Related Blog Entries

Comments
Steve Withington's Gravatar @Jason,
Yeah, it's about time somebody posted something on this ... I might also add a rel="nofollow" to those necessary links as well.
# Posted By Steve Withington | 10/13/10 9:29 AM
Eric Cobb's Gravatar Until you mentioned it, I forgot that I also had to set up a robots.txt file for my blog. Here's what mine looks like:

User-Agent: *
Sitemap: http://www.cfgears.com/googlesitemap.cfm
Disallow: /admin/
Disallow: /addcomment.cfm
Disallow: /addsub.cfm
Disallow: /trackback.cfm
Disallow: /trackbacks.cfm
Disallow: /contact.cfm
Disallow: /error.cfm
Disallow: /print.cfm

I don't remember now if there were valid reasons for each of those, or I just went ahead disallowed everything that I didn't think the bots needed to see.
# Posted By Eric Cobb | 10/13/10 9:29 AM
Steve Withington's Gravatar Oh, and also consider putting <meta name="robots" content="noindex,nofollow" /> on any pages you _don't_ want indexed, etc.
# Posted By Steve Withington | 10/13/10 9:41 AM
Jason Dean's Gravatar Thanks for the additional ideas/tips guys. It's all good advice, I think.

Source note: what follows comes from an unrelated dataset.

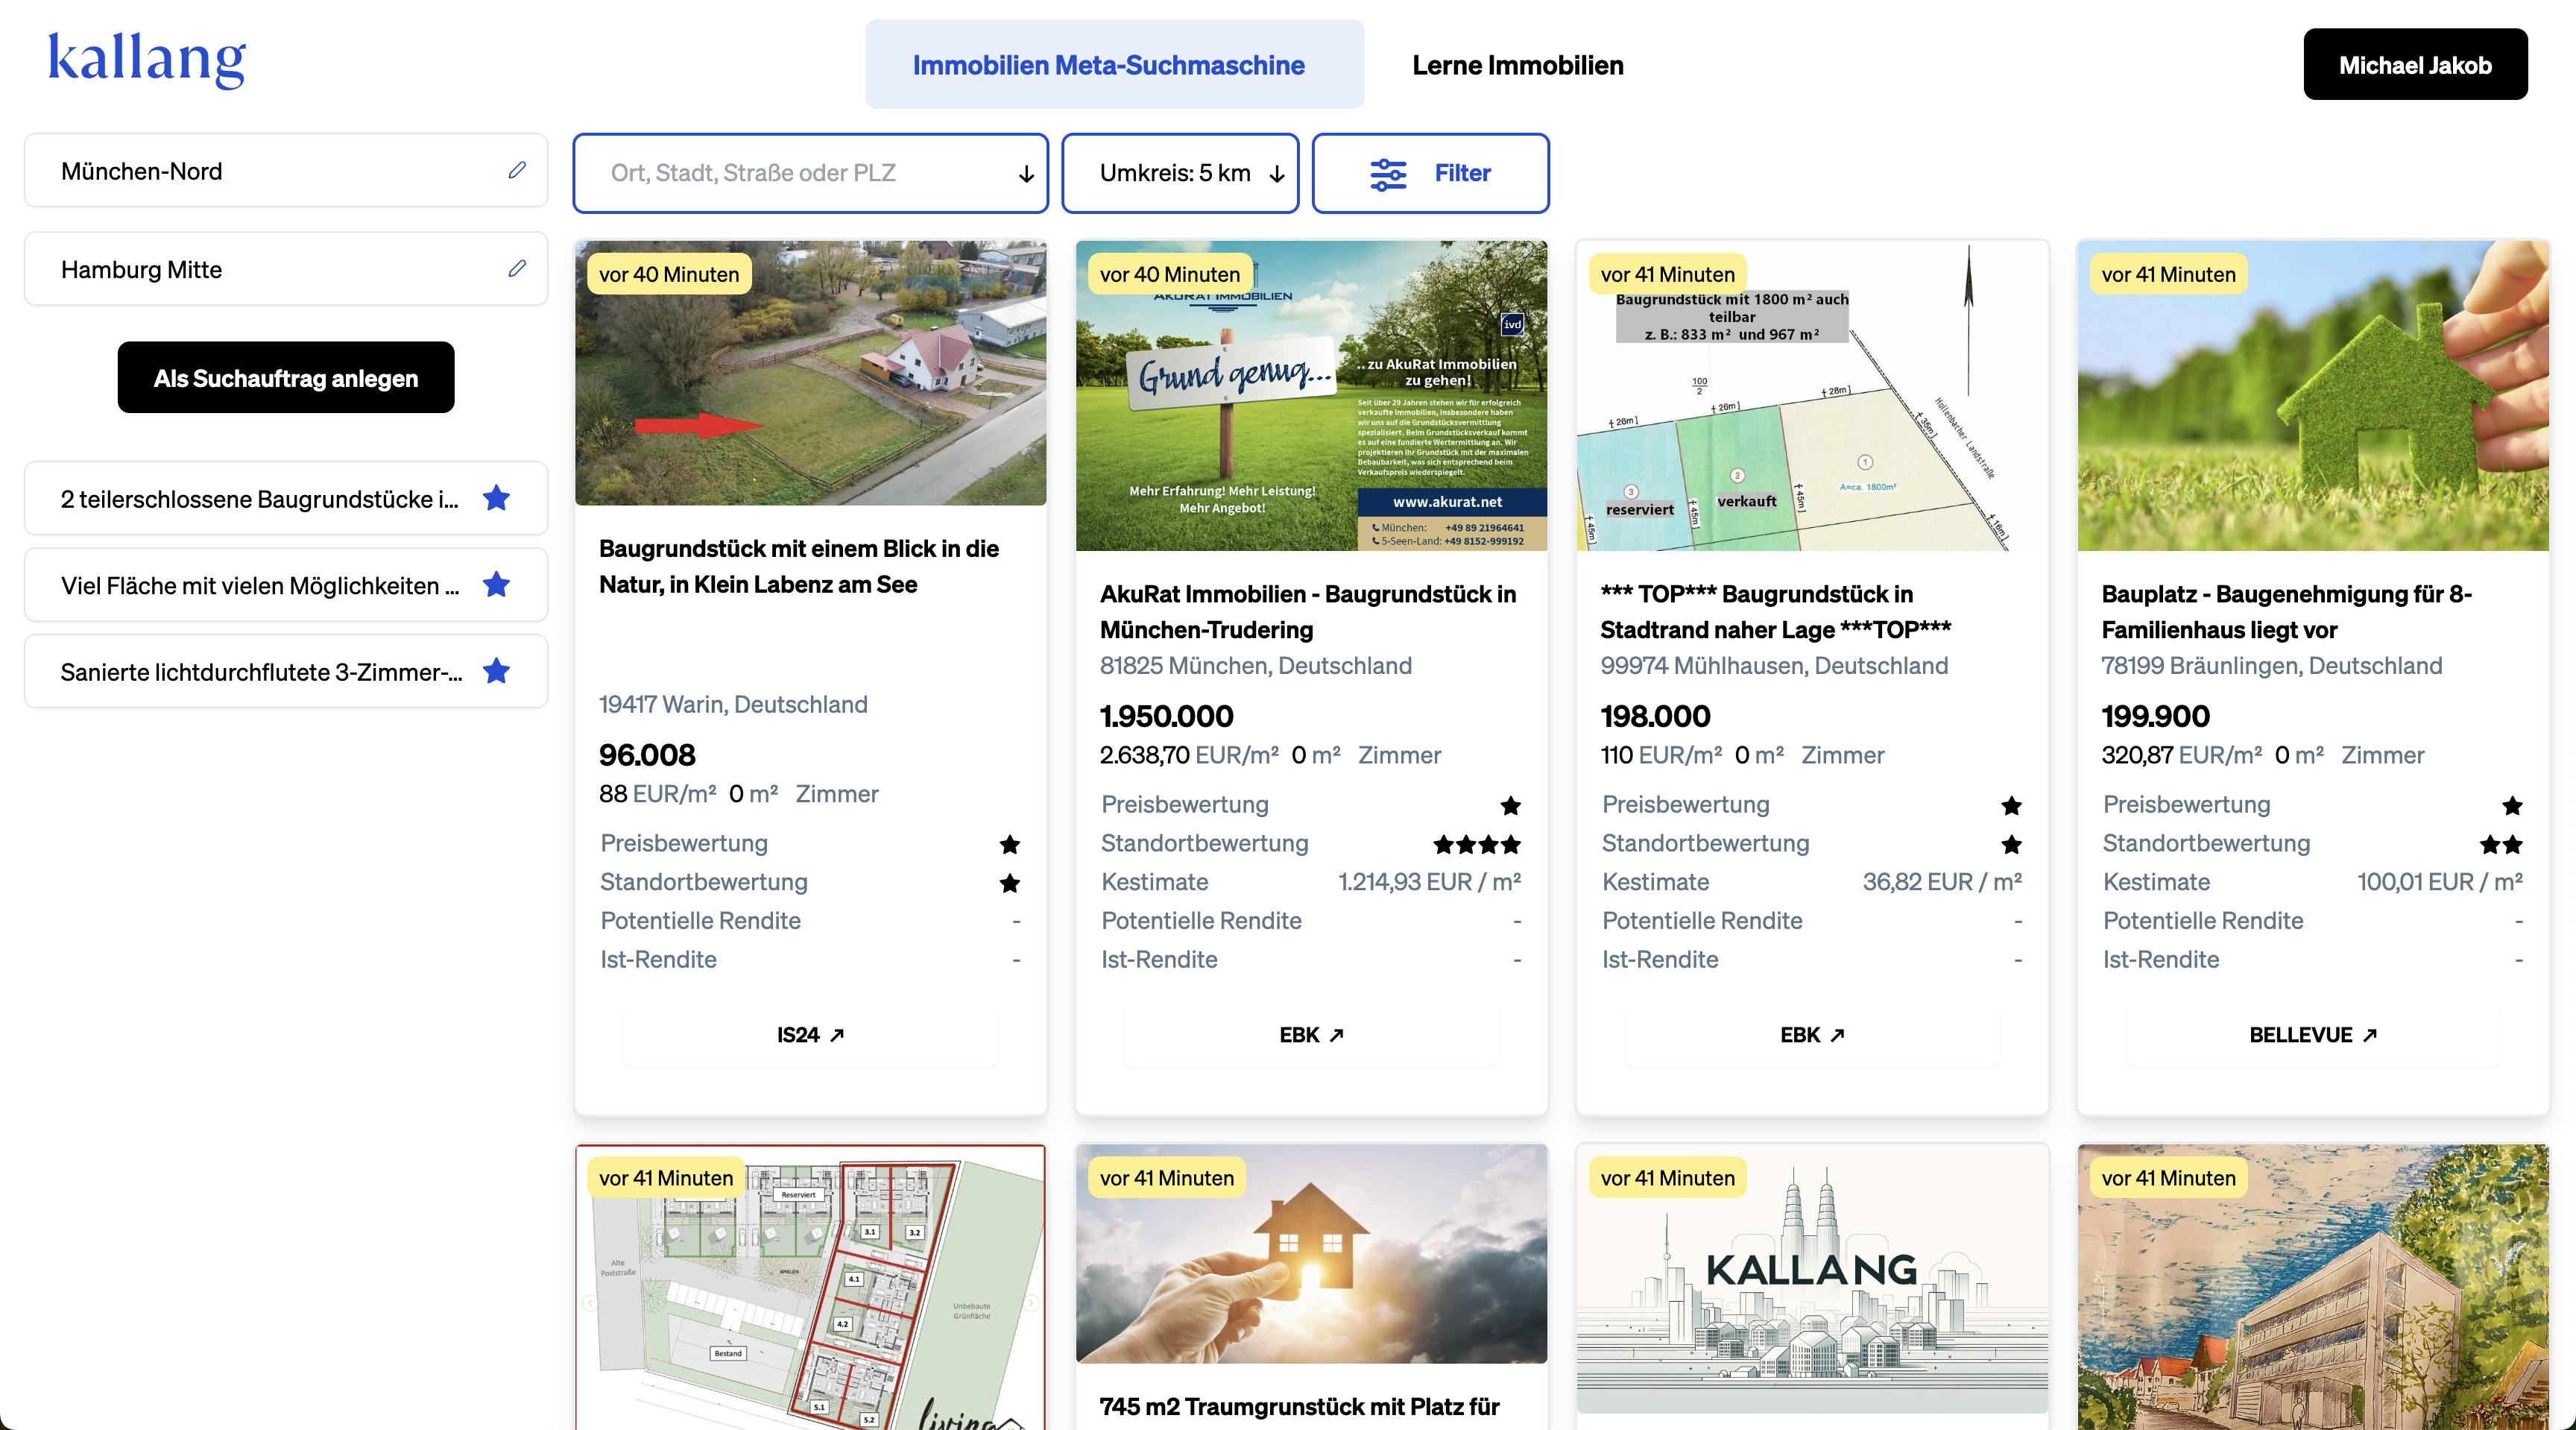 Kallang durchsucht zahlreiche Immobilienportale Deutschlands. Investoren können dann mit professionellen Screening-Tools die besten Objekte finden.
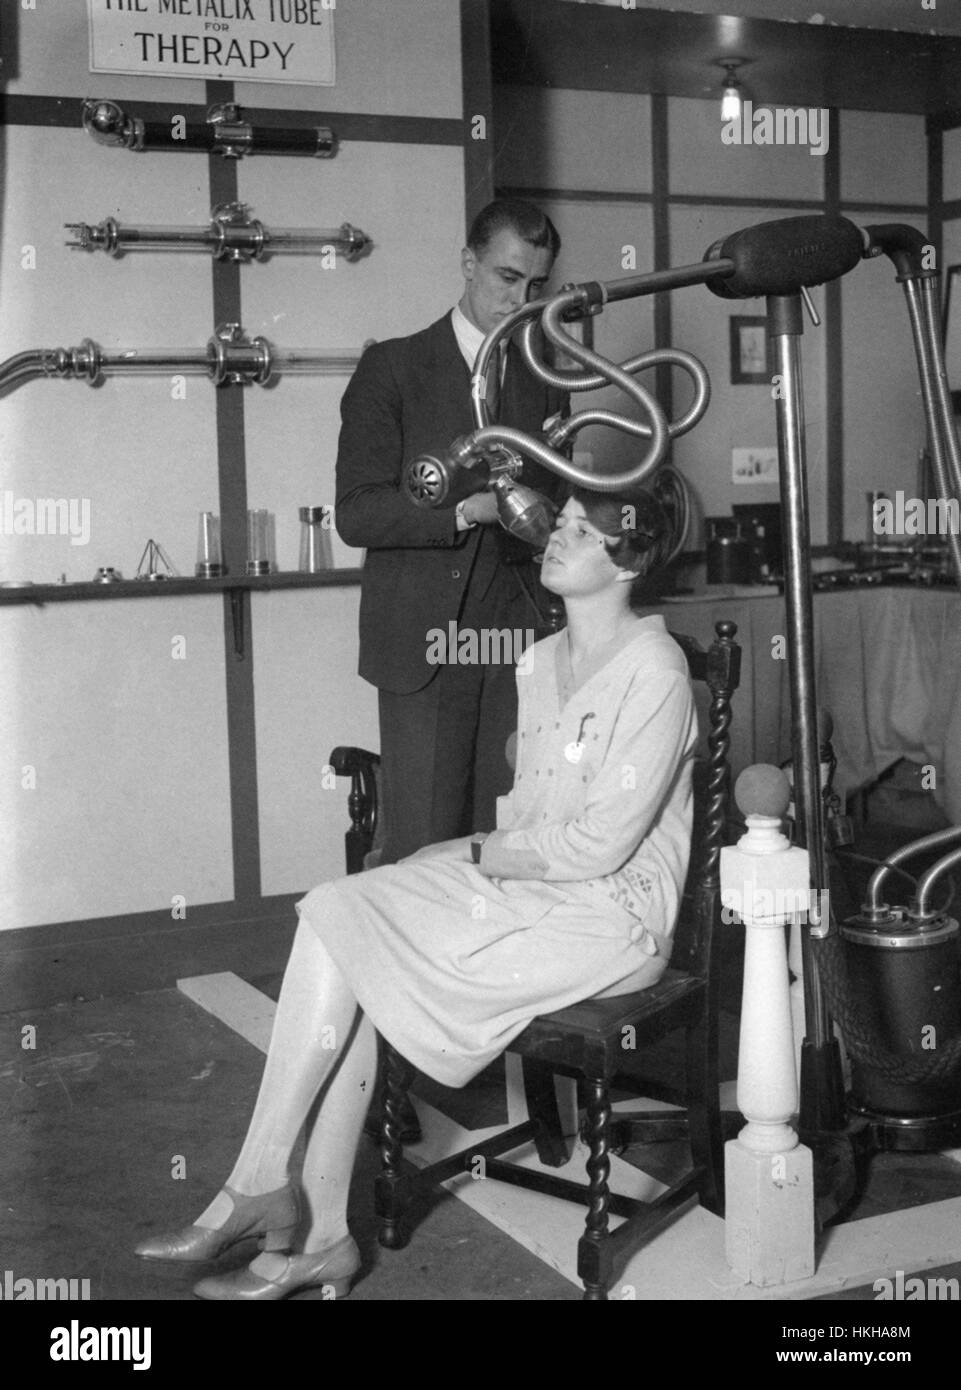 Attività di METALIX tubo per la terapia di un tipo di macchina a raggi x realizzato da Philips/Muller azienda in mostra al salone di Londra nel novembre 1928 Foto Stock

At first, I was mad at the spider bots for hammering my site. But then, I realize, that the fault was, at least, partly mine for not giving the bots the appropriate guidance. Hopefully this will help solve my error e-mail problem.
# Posted By Jason Dean | 10/13/10 11:59 PM
Stephen Moretti's Gravatar I've also got a crawl-delay in my robot.txt. Some of the bot do take note of this but some don't. It helps a little:

Crawl-delay: 10

This makes bot that adhere to this parameter wait 10 seconds before requesting another page.
# Posted By Stephen Moretti | 10/14/10 7:52 AM
Brian Steck's Gravatar What a simple solution!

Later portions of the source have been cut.